# [EXERCISE OBJECTIVE]
Leaving out every picture, quote the data below exactly as it appears.

# [DATA EXCERPT]
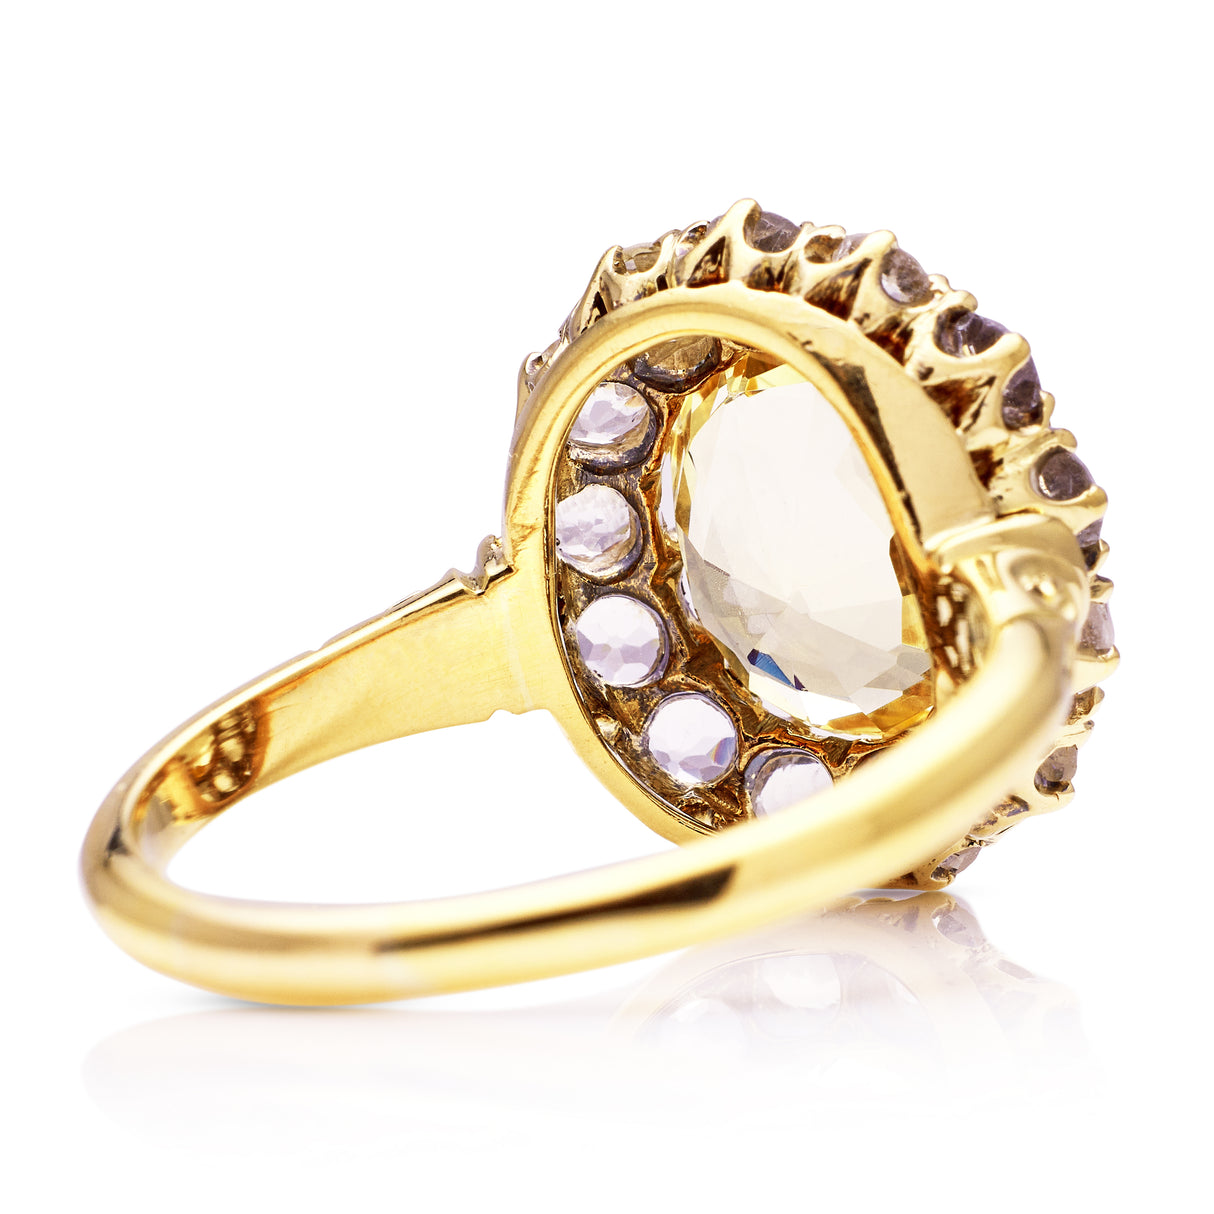 Antique, Victorian, Yellow and White Sapphire Cluster Ring, 18ct Yellow Gold. Back of the ring.
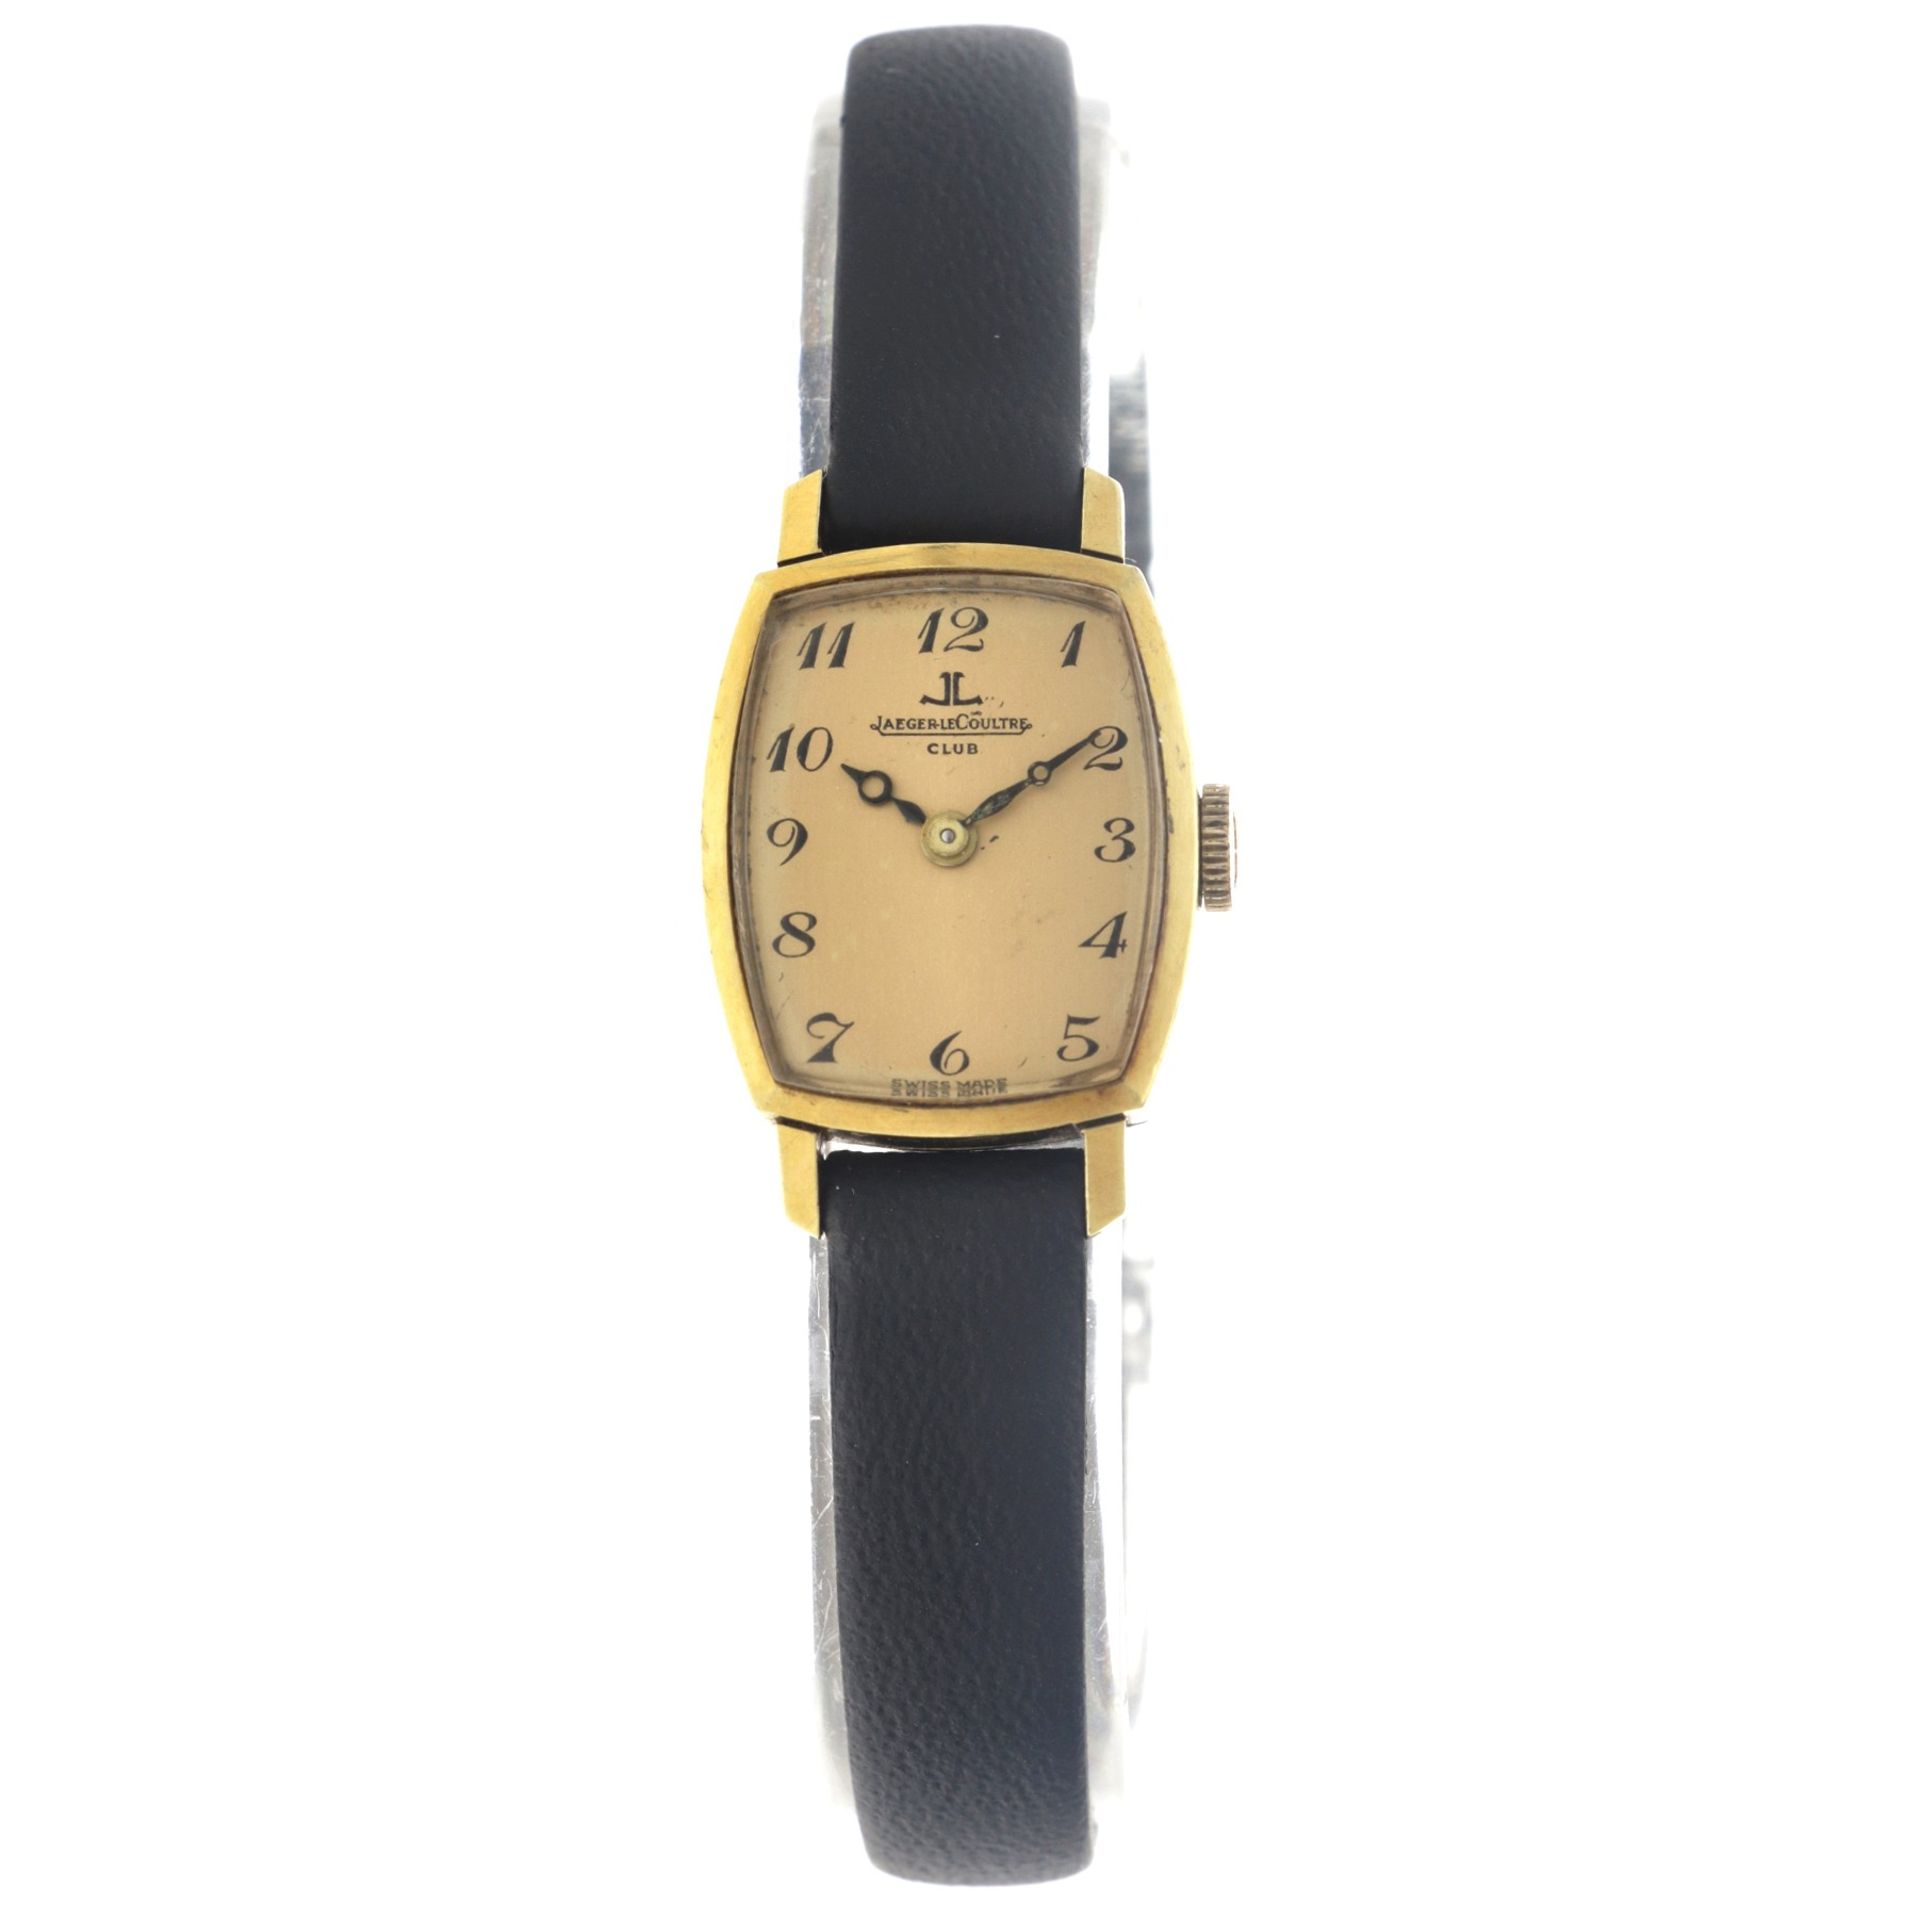 No reserve - Jaeger-LeCoultre Club Lady 100406 - Ladies watch 
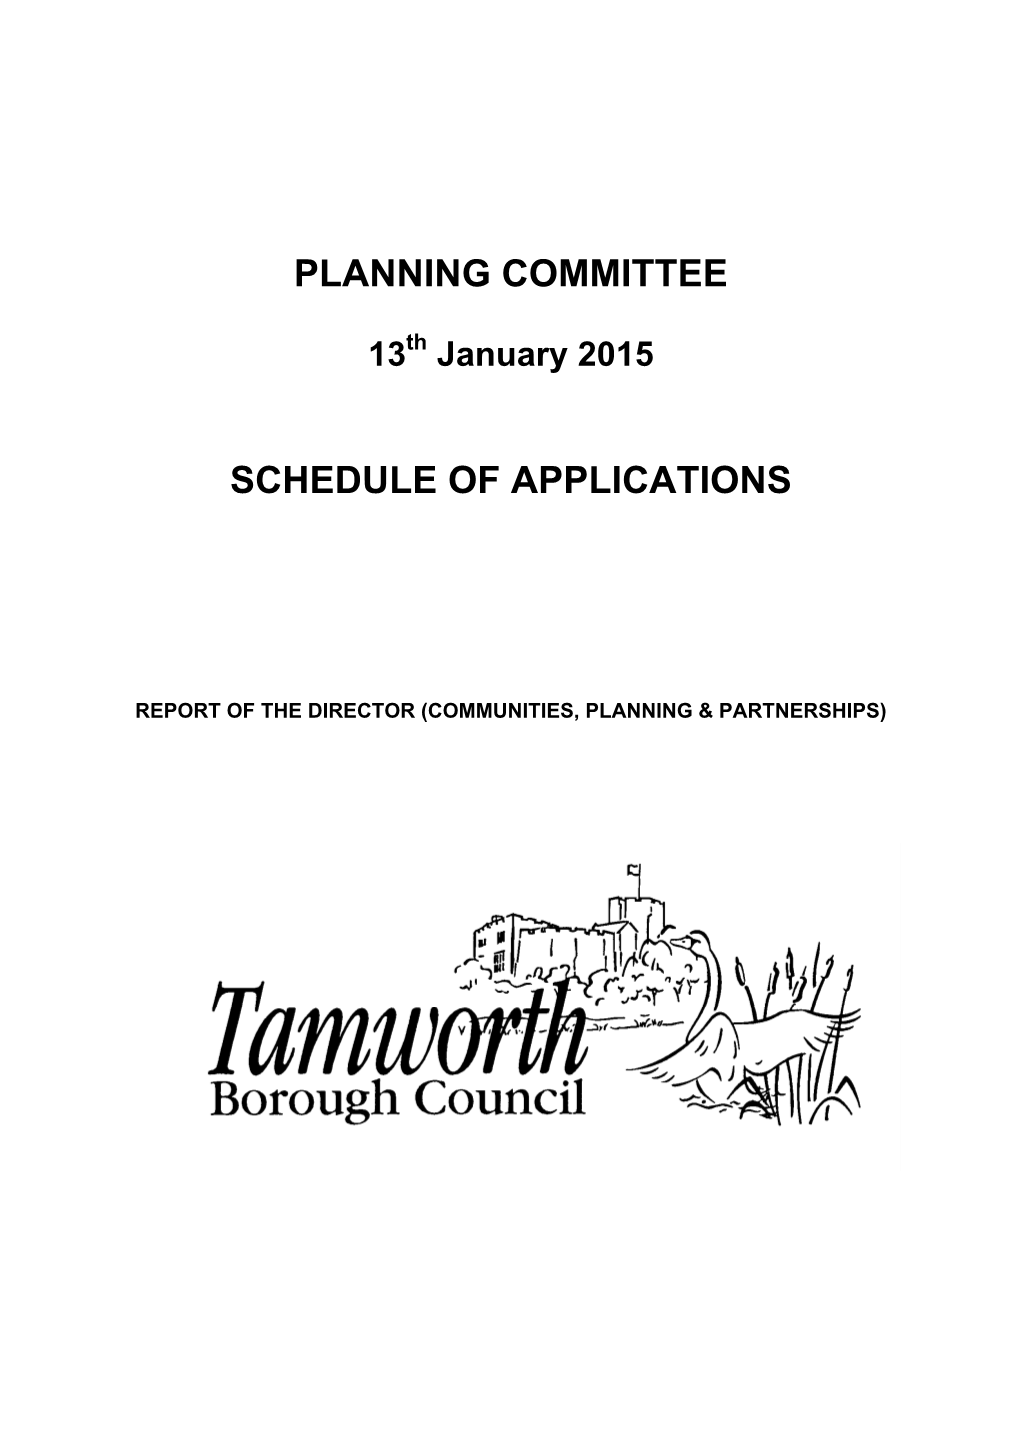 Planning Committee Schedule of Applications
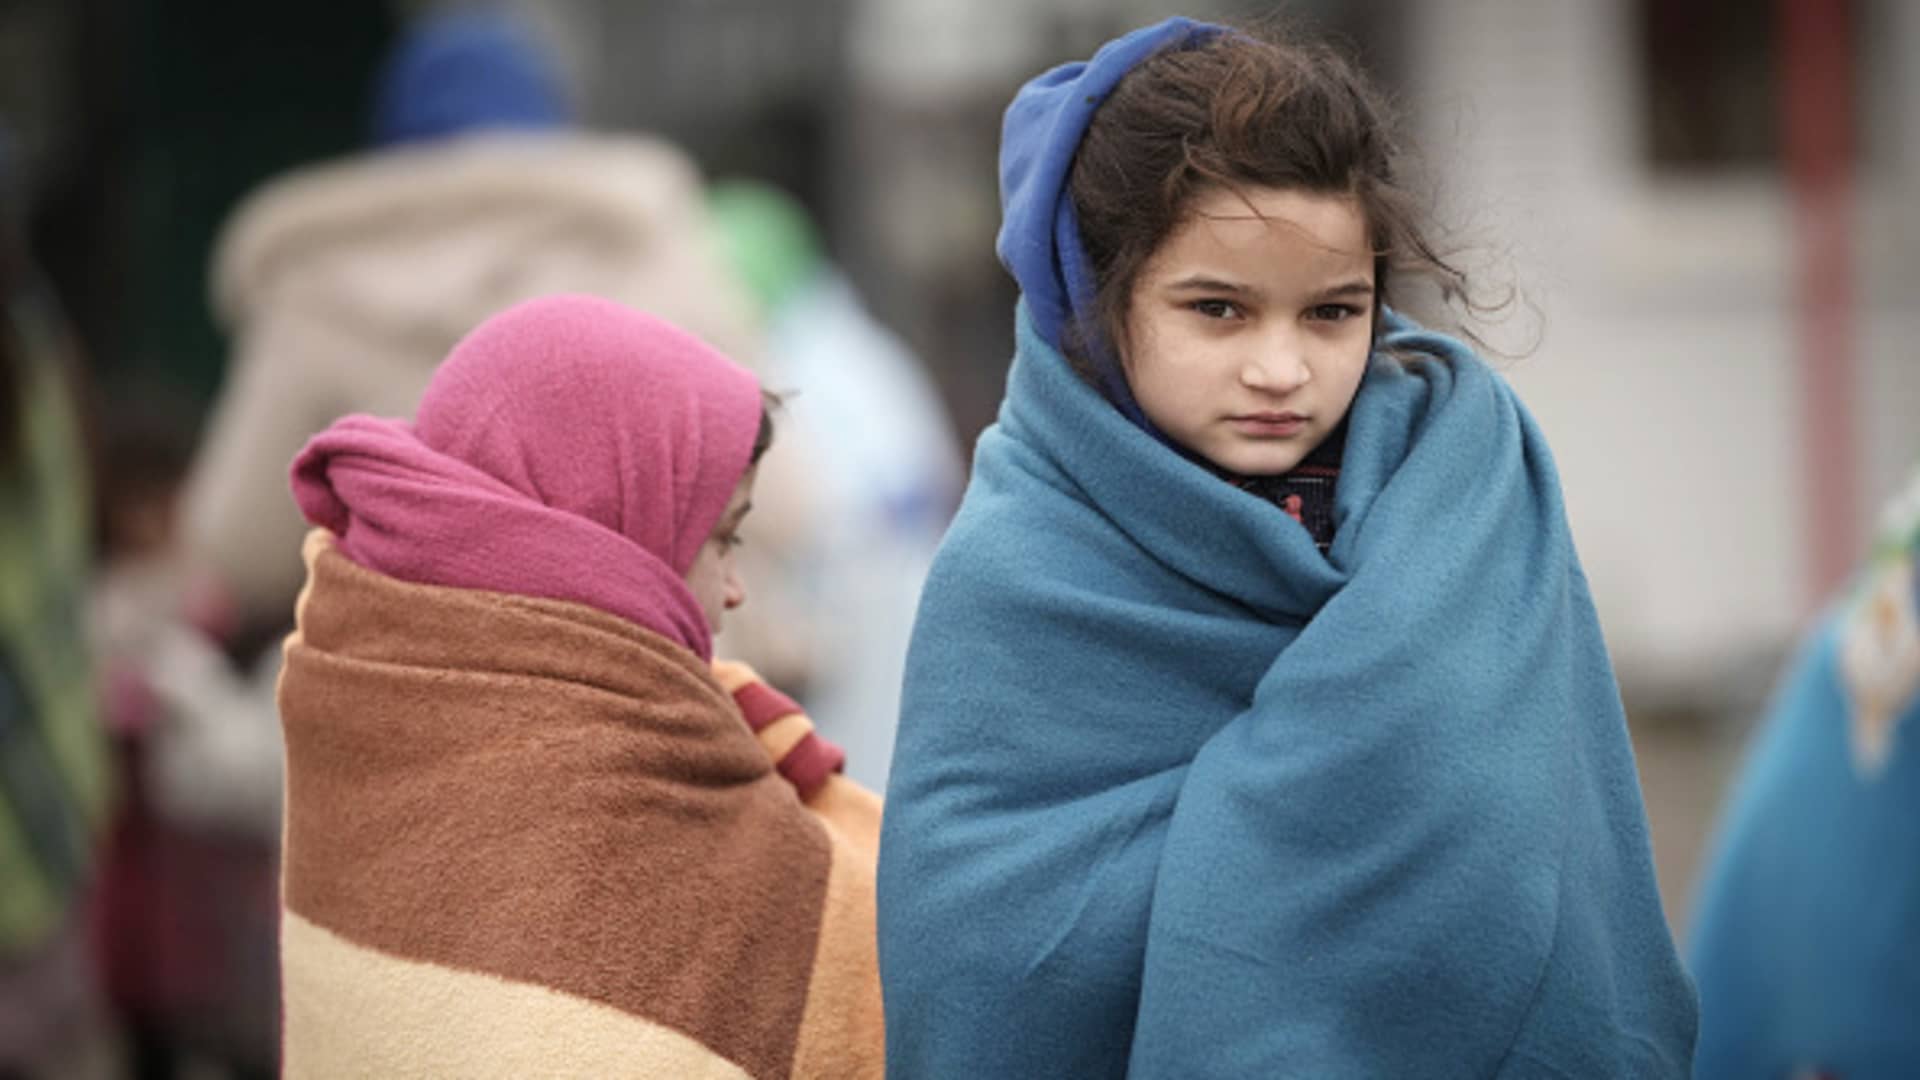 Refugee children fleeing Ukraine were given blankets by Slovakian rescue workers to keep warm at the Velke Slemence border crossing on March 9, 2022, in Slovakia.

# [TASK RESULT]
 Antique, Victorian, Yellow and White Sapphire Cluster Ring, 18ct Yellow Gold. Back of the ring.
 No reserve - Jaeger-LeCoultre Club Lady 100406 - Ladies watch 
 Planning Committee Schedule of Applications
 Refugee children fleeing Ukraine were given blankets by Slovakian rescue workers to keep warm at the Velke Slemence border crossing on March 9, 2022, in Slovakia.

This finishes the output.